IEEE Transactions on Systems, Man, and Cybernetics. Part B, Cybernetics : a Publication of the IEEE Systems, Man, and Cybernetics Society
|December 20, 2008
PubMed
Summary
This summary is machine-generated.

This study compares reinforcement learning (RL) and model predictive control (MPC) for electrical power oscillation damping.

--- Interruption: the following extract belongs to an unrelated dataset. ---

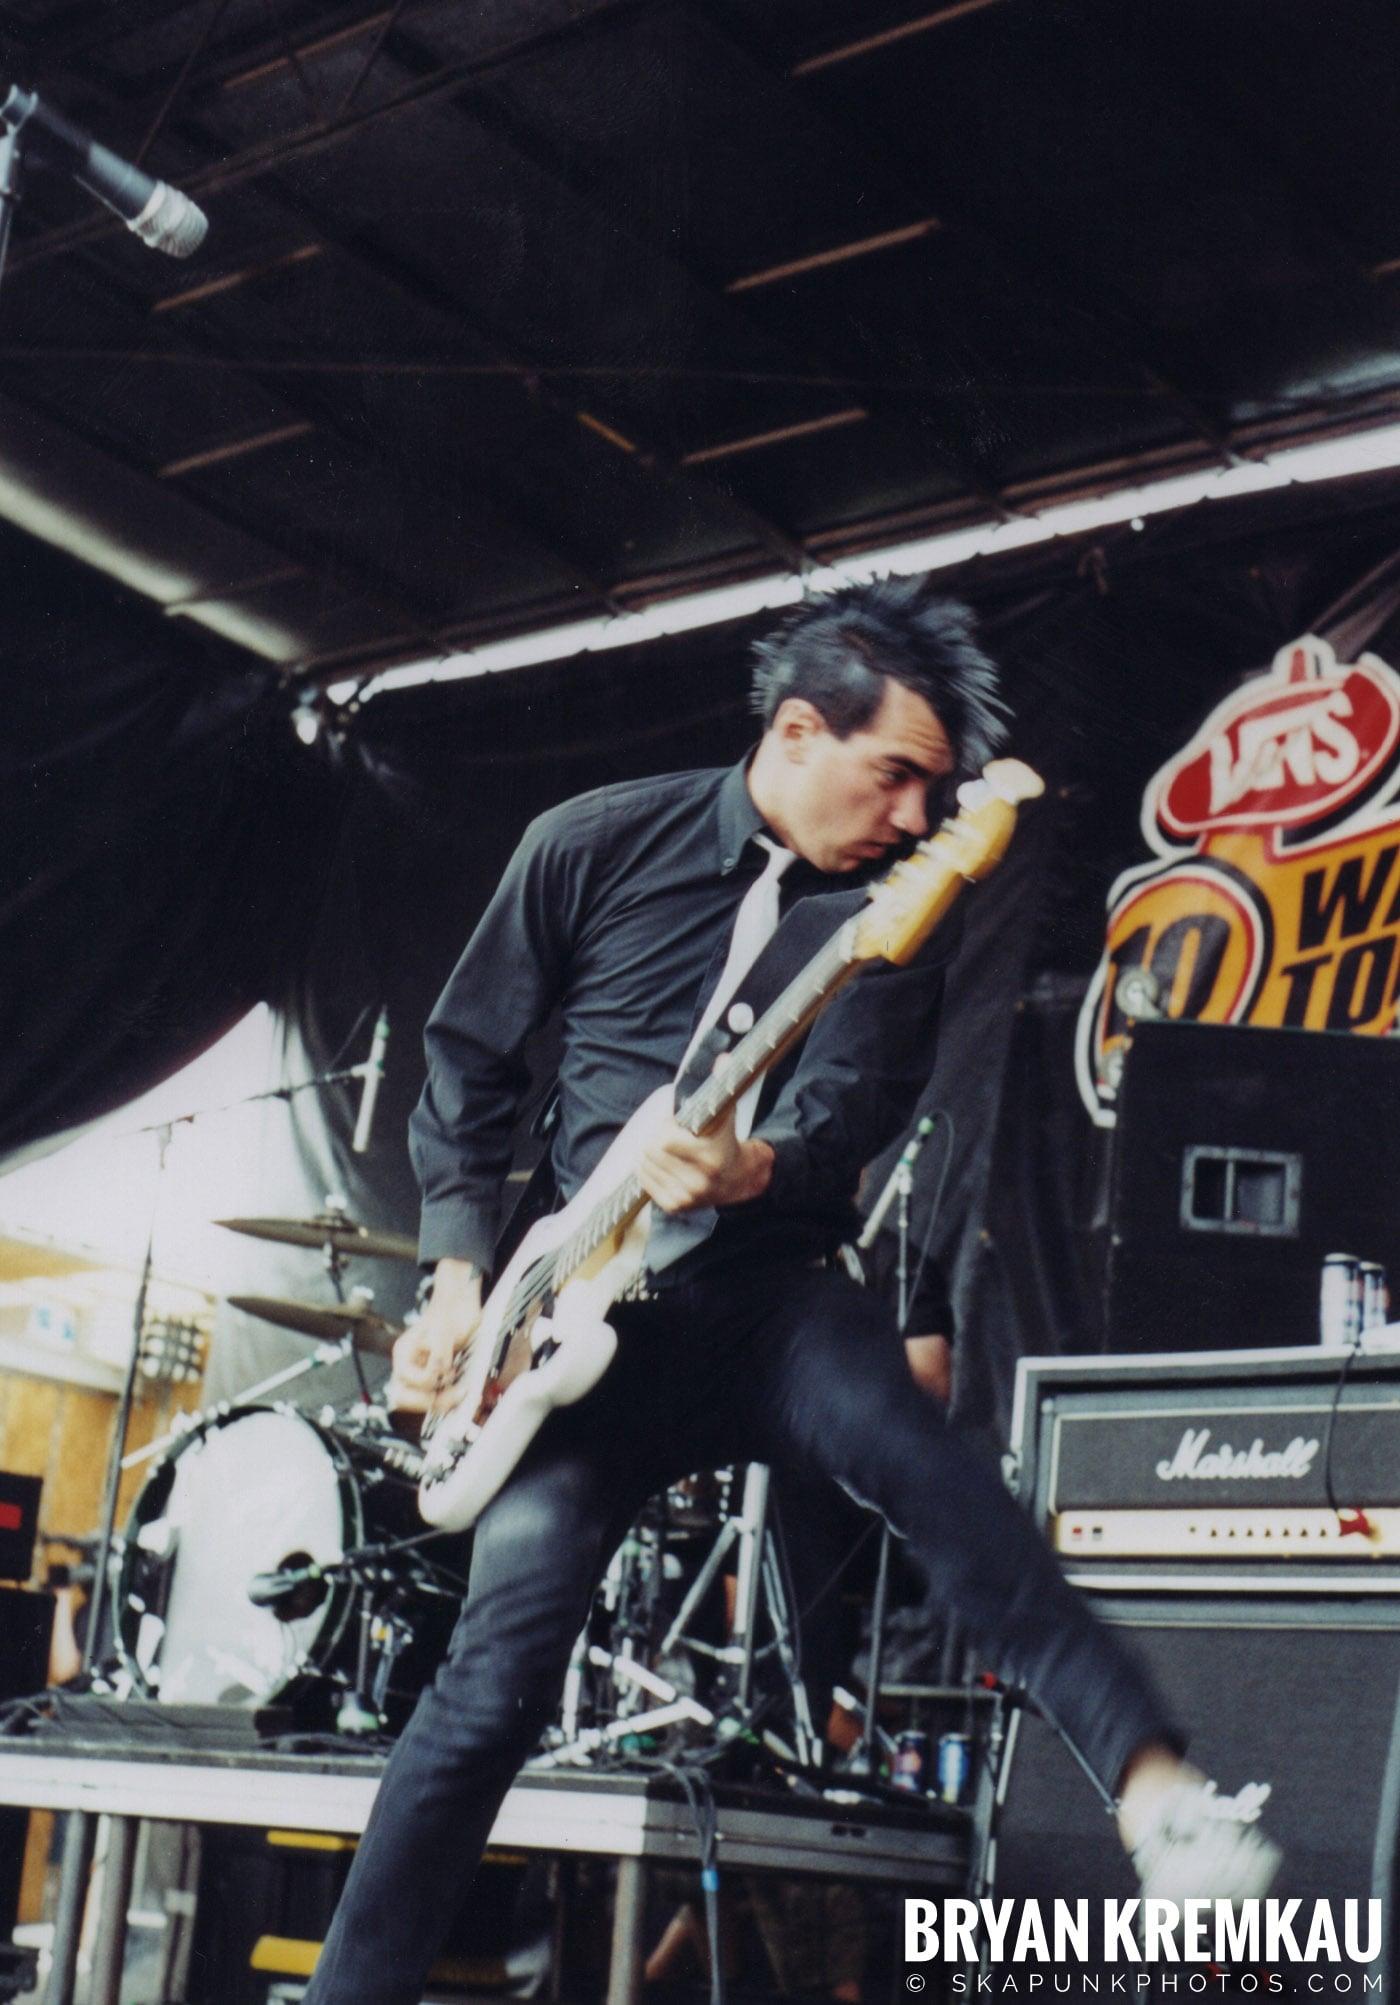 Anti-Flag @ Vans Warped Tour, Randall's Island, NYC - 8.7.04 (3)

Results show RL can be competitive with MPC, even when accurate system models are available.

Related Experiment Videos

Area of Science:

  • Control Systems Engineering
  • Machine Learning
  • Power Systems

Background:

  • Electrical power systems require robust controllers to damp oscillations.
  • Model Predictive Control (MPC) and Reinforcement Learning (RL) are advanced control strategies.

Purpose of the Study:

  • To compare the performance of RL and MPC in a unified framework.
  • To evaluate their application in synthesizing a controller for nonlinear electrical power oscillation damping.

Main Methods:

  • Both MPC and RL were formulated as discrete-time optimal control problems.
  • MPC utilized an analytical system model and an interior-point solver for open-loop policies.
  • RL employed a model-free approach, inferring closed-loop policies from system trajectories and cost values via supervised learning.

Main Results:

  • Experimental results were obtained for a nonlinear, deterministic electrical power oscillation damping problem.
  • The study provides insights into the advantages and disadvantages of both MPC and RL.

Conclusions:

  • Reinforcement learning demonstrates competitive performance against model predictive control.
  • RL is a viable alternative even in scenarios where a precise deterministic system model is accessible.